However, my attitude has dramatically changed. Instead of lingering on endless questions and debates, alluding to God or blaming self and circumstances, I take everything as part of the process. Assured that sooner or later, I will learn lessons and find the meaning to any circumstance in life. For, indeed, “nothing can separate us from the love of God.” He will never allow all of life – experiences, pains and gains, sorrows and joys in service, and more to come to naught. For after all, He is with us now and in eternity. Reflecting on the totality of life – both here and thereafter, I have discovered the real best teacher. LIFE itself.


The article was posted two years ago on my PADAYON  blog. I decided to repost it today because of its relevance.

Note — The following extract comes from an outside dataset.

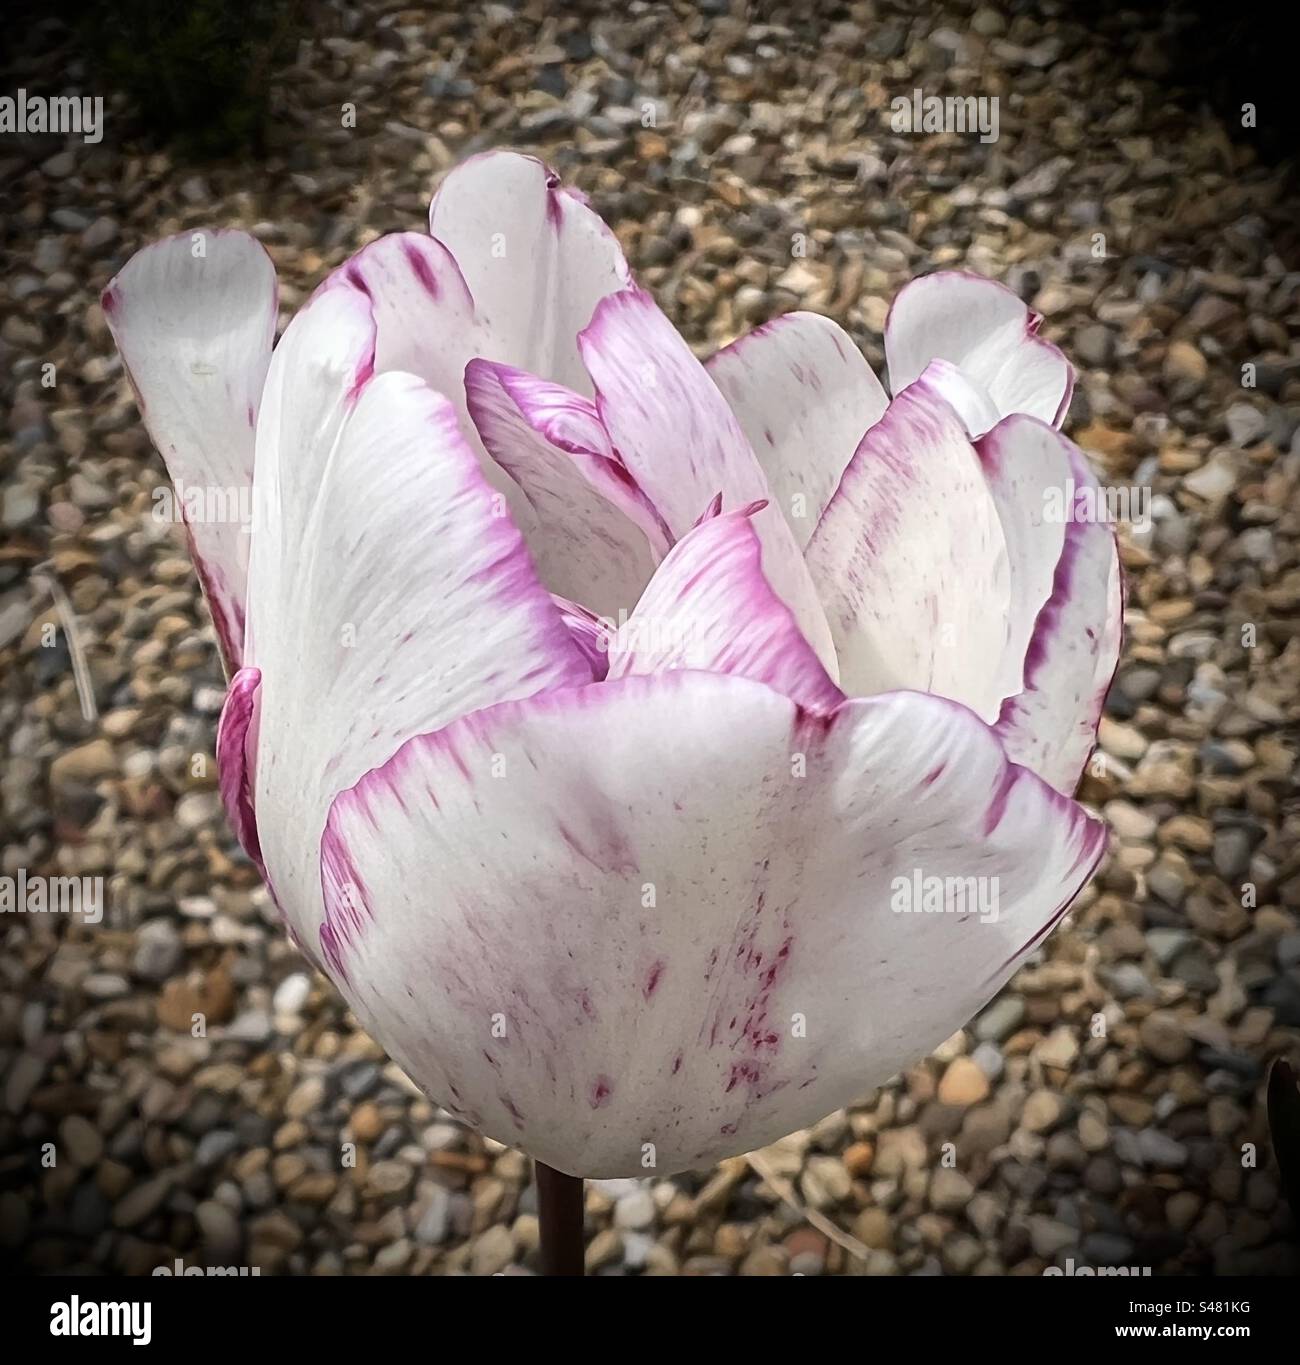 Tulipe blanche simple avec des bords roses Banque D'Images

Indeed, our labor will never be in vain: A sequel*

The break came when through the pastors’ support, I was elected in the CPBC Board in 2006 and chaired the Theological Education and Ministerial Concerns (TEMC) Committee. By divine guidance, the first document that caught my attention was the CPBC Strategic Plan for 2000-2010 which highlighted the TEMC program. Finding the missing link, I started advocating the program, trying to bridge the gap through voluntary involvement in its implementation.

My wife also volunteered to teach in theological institutions in Negros to strengthen the TEMC program. Studying previous initiatives of various organizations related to continuing theological education, eventually the CPBC Unified Theological Education System(UNITES) was conceived and gradually implemented.

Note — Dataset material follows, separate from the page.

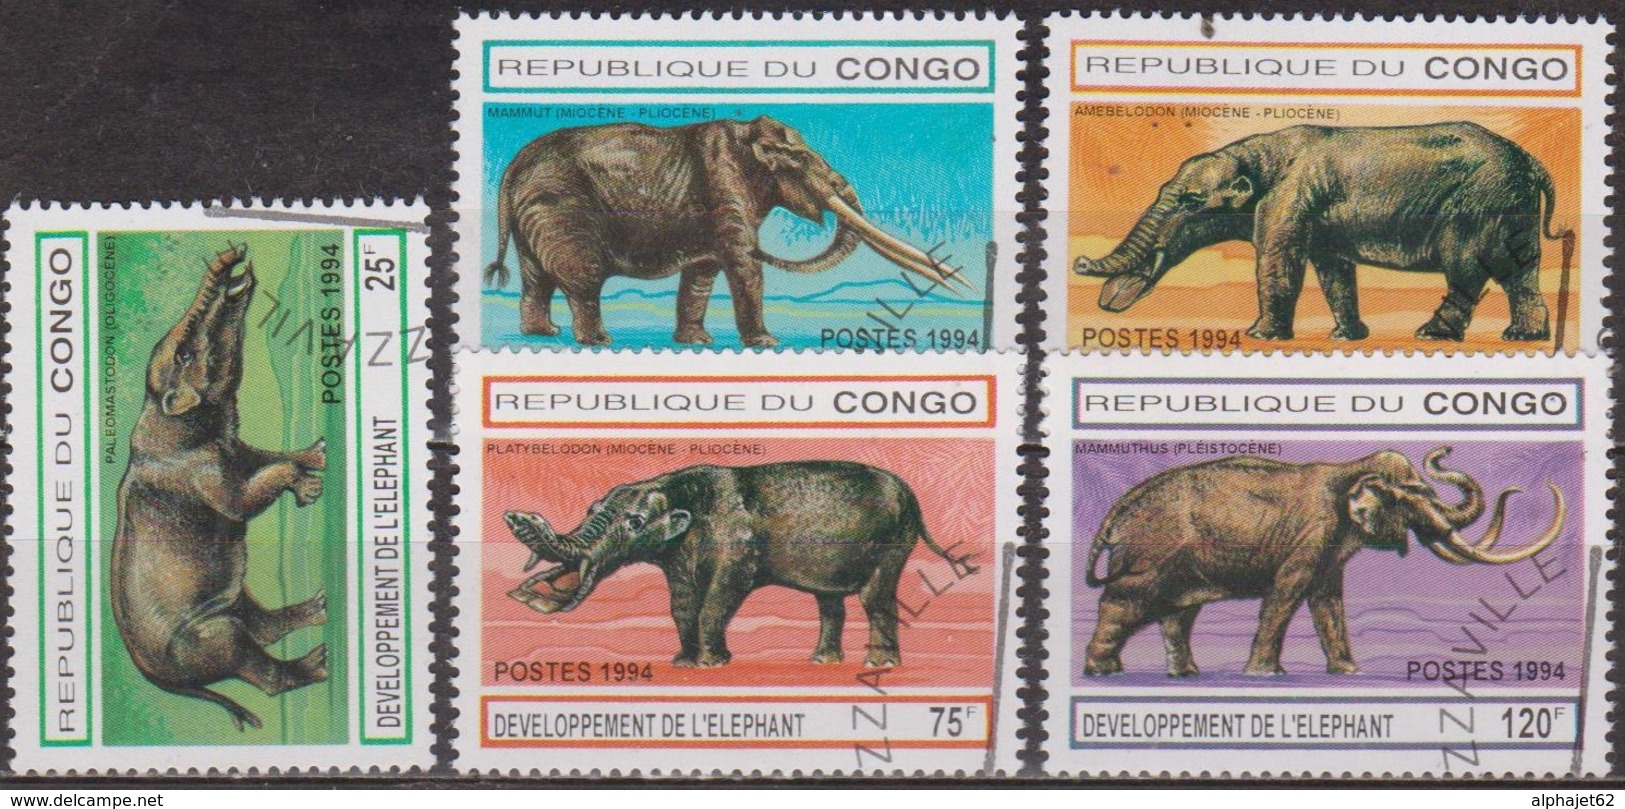 Animaux Préhistoriques - CONGO - Développement De L'éléphant Au Cours Des Ages - N° 990a à 990d - 1994 - Oblitérés

Two breakthroughs were undertaken, namely: Formulation of Standardized Curriculum; and the MSPM program. From its humble beginning at NNBBC in July 2007, the program got its boost when Dr. Domingo Diel, Jr. suggested during one TEMC meeting to offer it to other theological institutions. Approved by the CPBC BOT on November 9, 2007, the program has become an integral part of the CPBC UNITES.

Peculiarities & Mechanics of MSPM

But why MSPM? The mission of the Master of Socio-Pastoral Ministries program is to prepare pastors for leadership roles in church, church-related institutions and community. Specifically, it is geared towards a healthy and balanced pastoral leadership in church and community services. For we have a holistic mission and ministry exemplified by our Lord and Master Teacher, Jesus, the Christ as he put into action the avowed mission in Luke 4:18-19.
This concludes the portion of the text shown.